● **Your goal**: Go to the line with "Bauman Remodeling" in the entries below and write out every line from there through the line with "Чайник Bekker, со", exactly and without pictures.

● **Information provided**:
<<<<

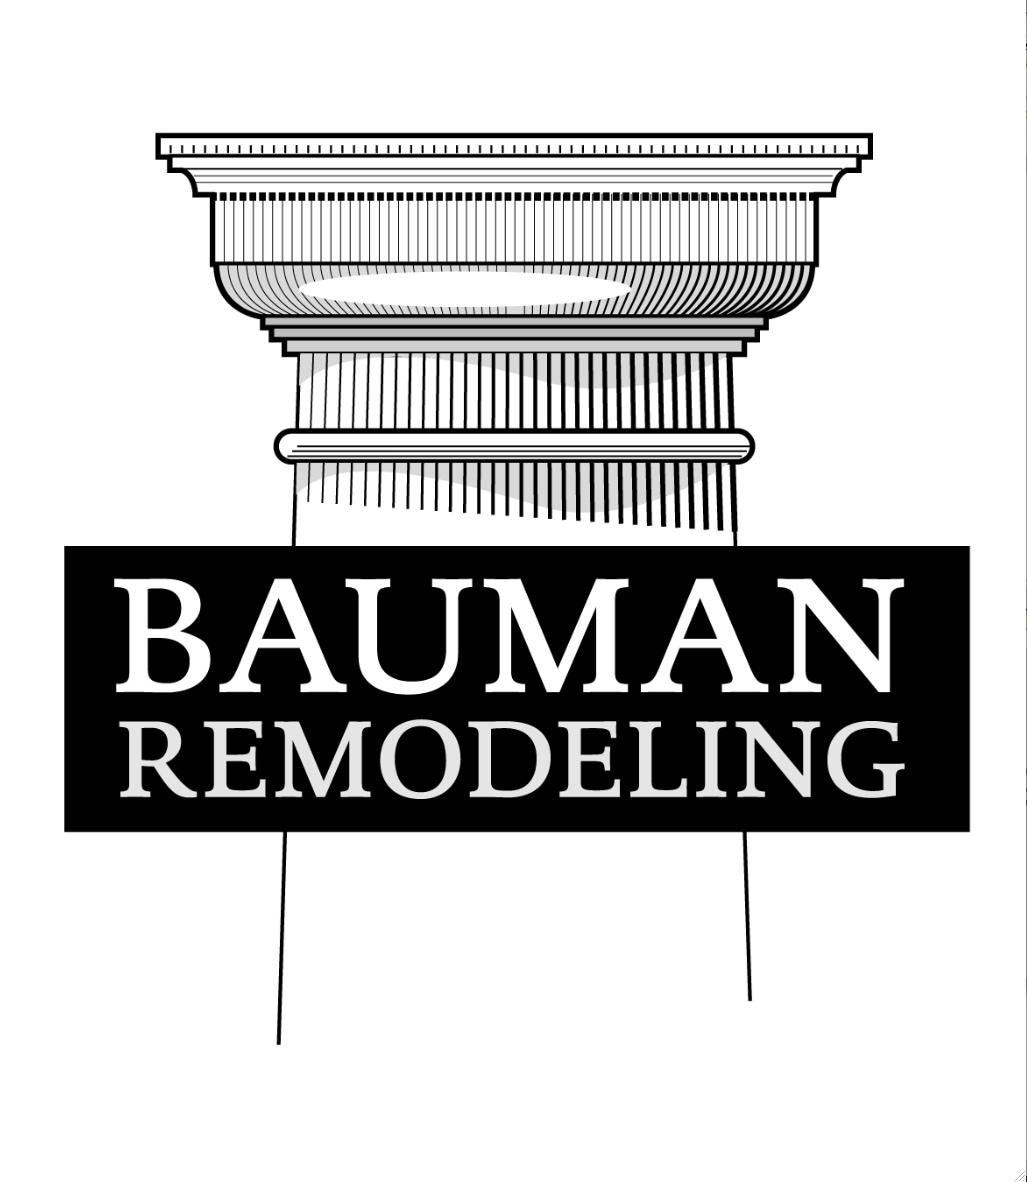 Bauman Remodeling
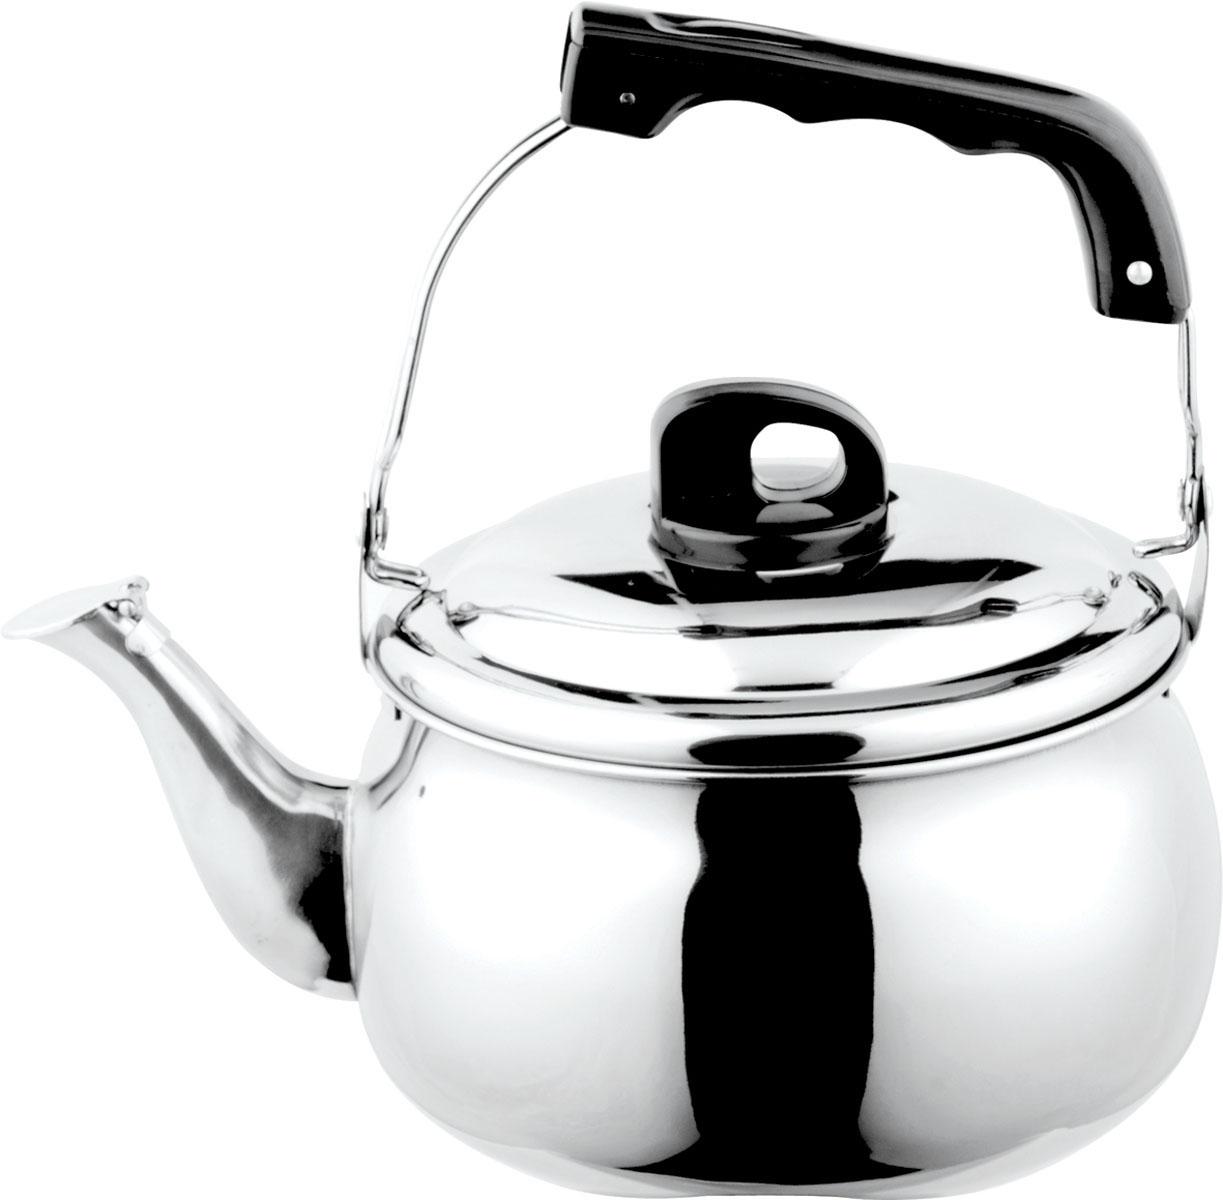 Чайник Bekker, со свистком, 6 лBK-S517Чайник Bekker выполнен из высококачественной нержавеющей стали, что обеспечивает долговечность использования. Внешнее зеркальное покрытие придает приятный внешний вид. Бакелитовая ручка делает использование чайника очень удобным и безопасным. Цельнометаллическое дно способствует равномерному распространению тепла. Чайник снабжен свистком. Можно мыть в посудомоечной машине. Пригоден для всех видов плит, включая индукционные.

>>>>
<<<<

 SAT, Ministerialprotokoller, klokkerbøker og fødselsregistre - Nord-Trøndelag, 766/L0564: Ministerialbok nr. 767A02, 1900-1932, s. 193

>>>>
<<<<

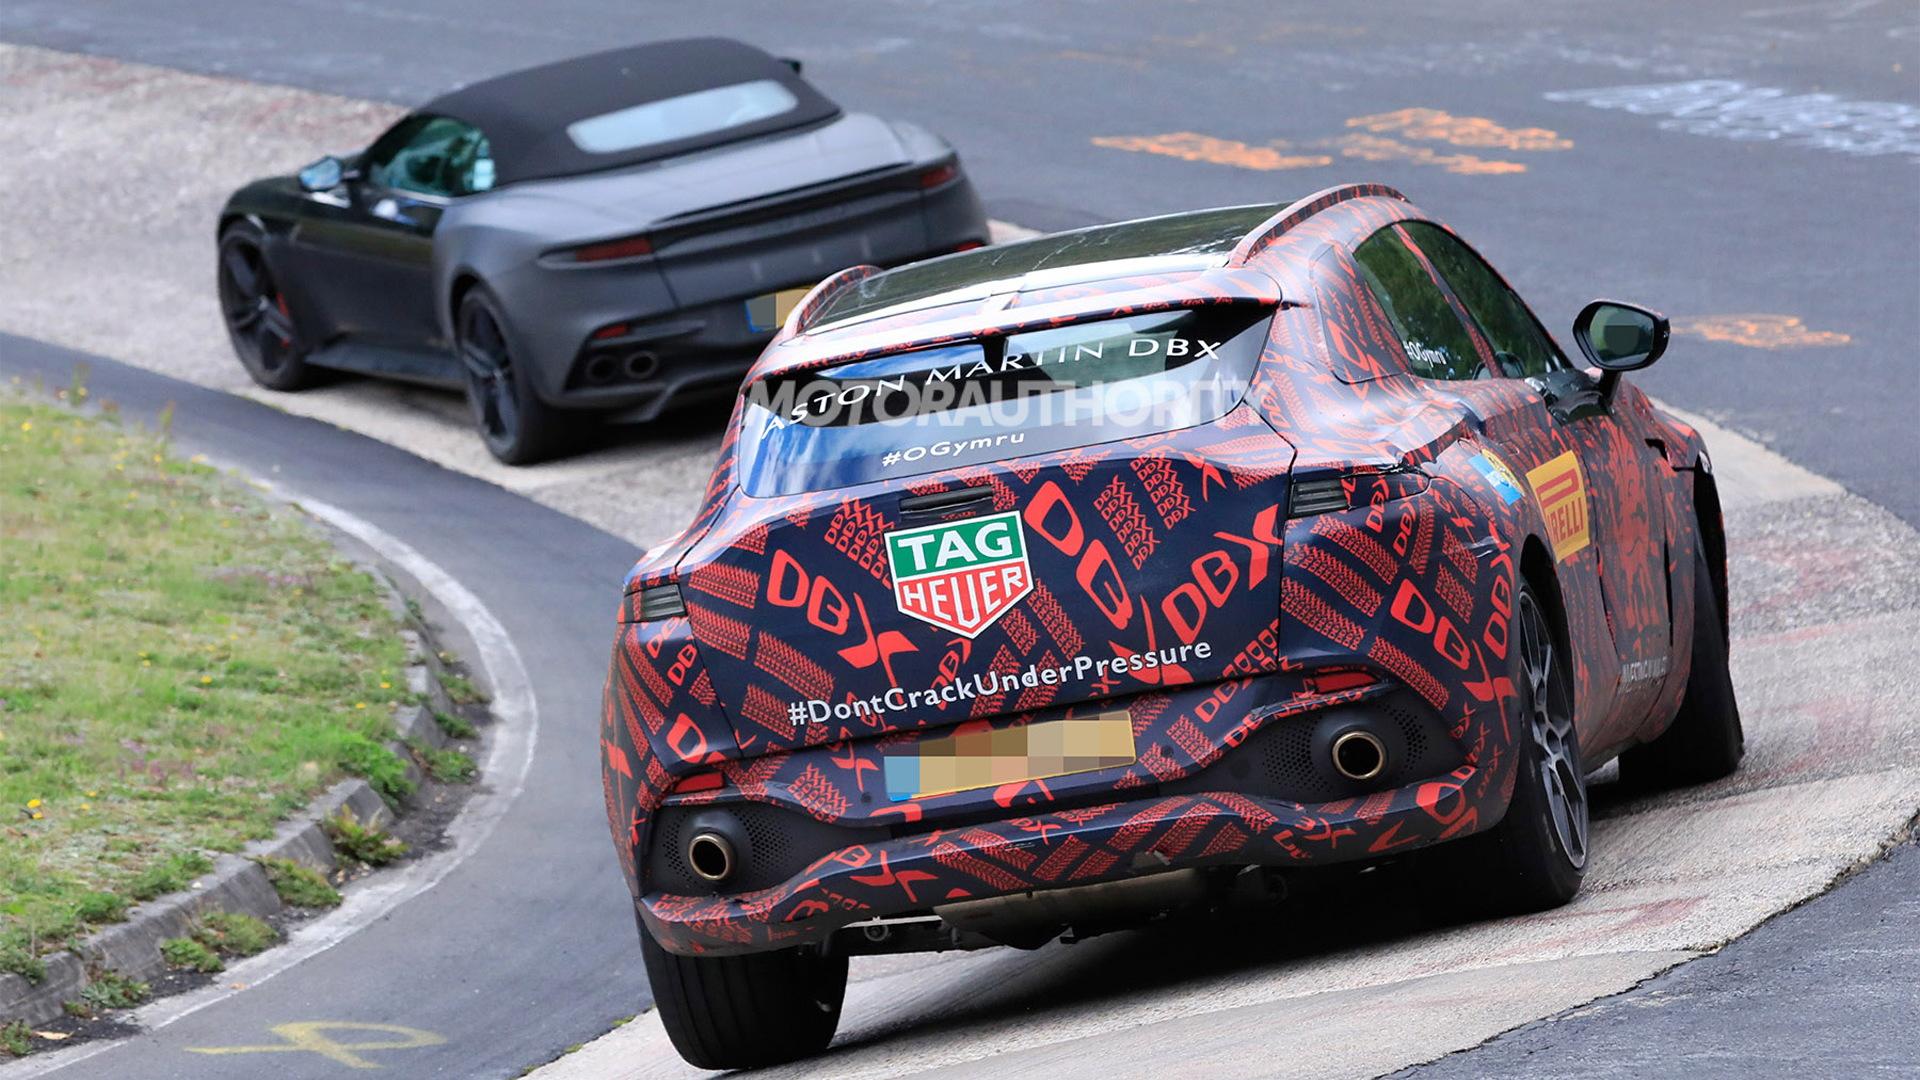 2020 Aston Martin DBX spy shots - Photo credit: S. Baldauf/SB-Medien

>>>>

● **Solution**:
 Bauman Remodeling
 Чайник Bekker, со свистком, 6 лBK-S517Чайник Bekker выполнен из высококачественной нержавеющей стали, что обеспечивает долговечность использования. Внешнее зеркальное покрытие придает приятный внешний вид. Бакелитовая ручка делает использование чайника очень удобным и безопасным. Цельнометаллическое дно способствует равномерному распространению тепла. Чайник снабжен свистком. Можно мыть в посудомоечной машине. Пригоден для всех видов плит, включая индукционные.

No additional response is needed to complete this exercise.